Днем мысли старухи рассеивались. Может, это было из-за того, что они расплывались с лучами греющего все больше и больше с каждым днем солнца. Лучи разбегались на все видимое и невидимое полуслепыми теперь глазами, от того, кажется, и отбивало у старухи разум с памятью. Жизнь в последнее время, ей казалось, состояла только из ночей: теперь только ночами могла она собраться с мыслями.
Она, притягиваемая землей, как и наполовину вошедшая в землю колода, на которой кололи дрова, сидела, положив голову на руки, которыми держала палку, стоящую между ног……
Из-под чухты, завязанной под платком, выбилась непослушная для неловкой старушечьей руки редкая прядь седых волос, которую качал теплый весенний ветер. Солнце согревало по-детски легкое, как перо, тело, и ее клонило ко сну. Она так много слушала и смотрела в себя, что зрение ее и слух ослабли, но люди удивлялись, как она, глухая, могла догадываться о том, что ей говорили. Заслоняясь от солнца рукой, кажущейся в лучах розоватой, она поднимала на подошедшего глаза, затянутые красным облачком. Дети, играющие даже в голодное и нищее время, оказавшись около нее, пере ставали играть, старуха в коротком жесте поднимала руку, дети по очереди подставляли головы под ее руку, чтобы она погладила.
Лачуга старухи была наполовину вырыта в земле. Рядом с нею было подобие маленького курятника, в который садилась одна курица, не курица, а молодка, которую кто-то принес старухе. Что она молодка, старуха поняла тем же, чем понимала речь, хотя едва слышала. В последнее время курица одичала.
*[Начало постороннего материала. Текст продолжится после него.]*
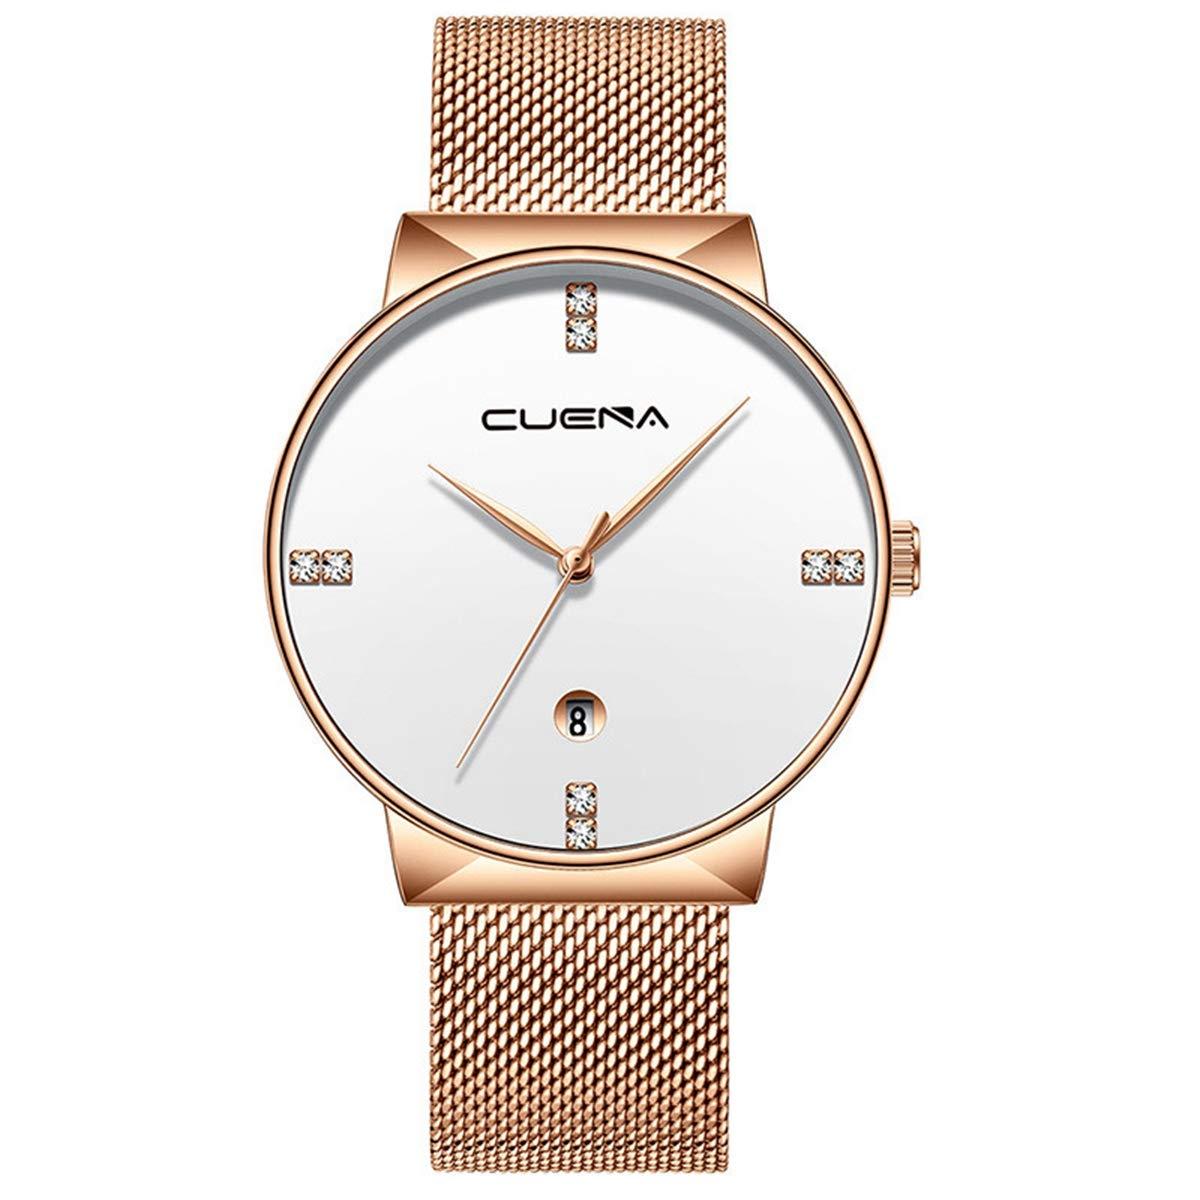 ZODRQ Men's Watch,Fashion Life Waterproof Sport Watches Stainless Steel Mesh Wrist Watch Wristwatch Date Quartz Watch Gift (C) by ZODRQ

Хотя старуха и сыпала ей зерна из своего заката1, курица, как и люди в голод, была беспокойной. На ногах ее выросли перья, словно она надела штаны, поклевав зерно, насыпанное ей утром, она пропадала с глаз до тех пор, пока вечером не садилась в курятник. В начале весны на них напали солдаты, которые сожгли село, а люди две недели провели в лесу, вот тогда курица и одичала. Теперь, когда показывался всадник или бегущий человек, она всполошено взлетала и с громким кудахтаньем скрывалась из виду.
Лачуга старухи была настоящим курятником, в ней нельзя было бы перезимовать. Но большего все равно и не нужно было: солдаты снова придут — когда будет созревать зерно, после созревания, придут и зимой.
Сады… Садов много лет нету. Не село, а эти лачуги-курятники. Солдаты больше приходят рано утром — поднимается тревога, женщины, дети, старики, угоняя скот, уходят далеко в леса, мужчины остаются, чтобы, отступив, часто нападать на пришедшие русские войска. Теперь у людей нету скота: коров, овец их — поглотила война. Курица ведь не скот.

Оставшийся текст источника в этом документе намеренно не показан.